How to stay sane when it all seems a bit crazy

1 - PLAN FOR STAYING INDOORS

If you’re staying at home or indoors, you might find these ideas helpful:

Staying indoors might mean you stay at home. But this might not be ideal, for example because of poor housing conditions or other people who live with you.

There are a few things you could try:

Think about other options, like if there’s a friend or family member who would be happy for you to stay with them.
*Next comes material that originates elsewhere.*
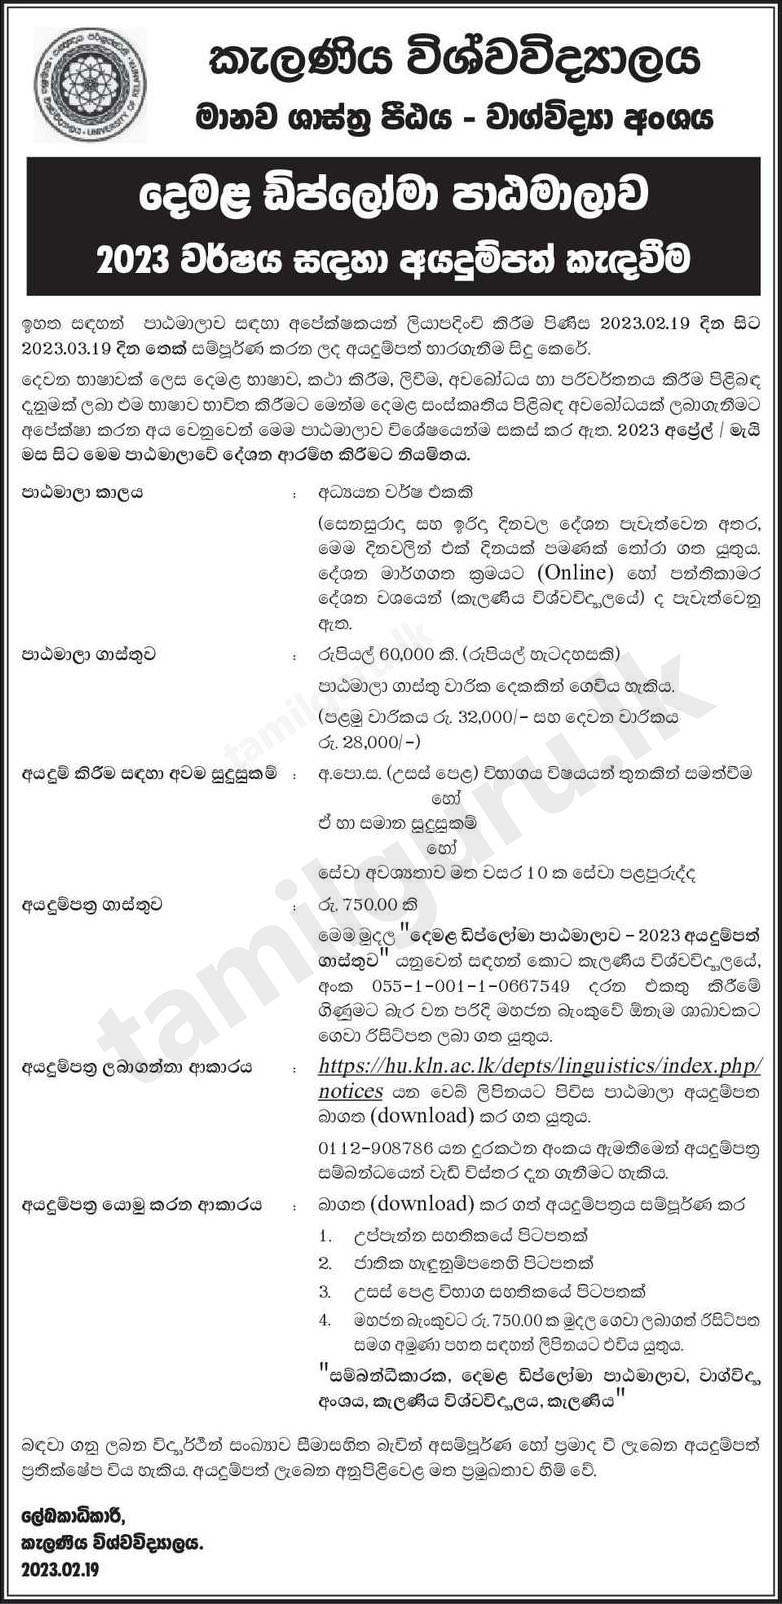 Calling Applications for Diploma Course in Tamil Language (දෙමළ ඩිප්ලෝමා පාඨමාලාව) 2023 Intake - University of Kelaniya

If you’ve been asked to self-isolate, it might not be possible to stay away from your own home. You can check if this is OK by reading current government health advice in English or the current government health advice in Welsh.

Get help with housing problems. See our page of useful contacts for housing to find details of organisations who may be able to help.

If you’re supporting someone who is self-isolating, see the government advice: how to do this safely.

Find out about getting food delivered. For example, you might be able to order food online for home delivery. Or you could ask someone else to drop food off for you.

Think about your diet. Your appetite might change if your routine changes, or if you’re less active than you usually are. Eating regularly and keeping your blood sugar stable can help your mood and energy levels.

Drink water regularly. Drinking enough water is important for your mental and physical health. Changing your routine might affect when you drink or what fluids you drink. It could help to set an alarm or use an app to remind you.

Ask about having appointments by phone, text or online. For example, this could be with your counsellor, therapist or support worker.

Ask your therapist how they can support you, for example if you’re struggling with not seeing them face to face.

If you are spending a lot of time at home, you may find it helpful to keep things clean and tidy, although this is different for different people.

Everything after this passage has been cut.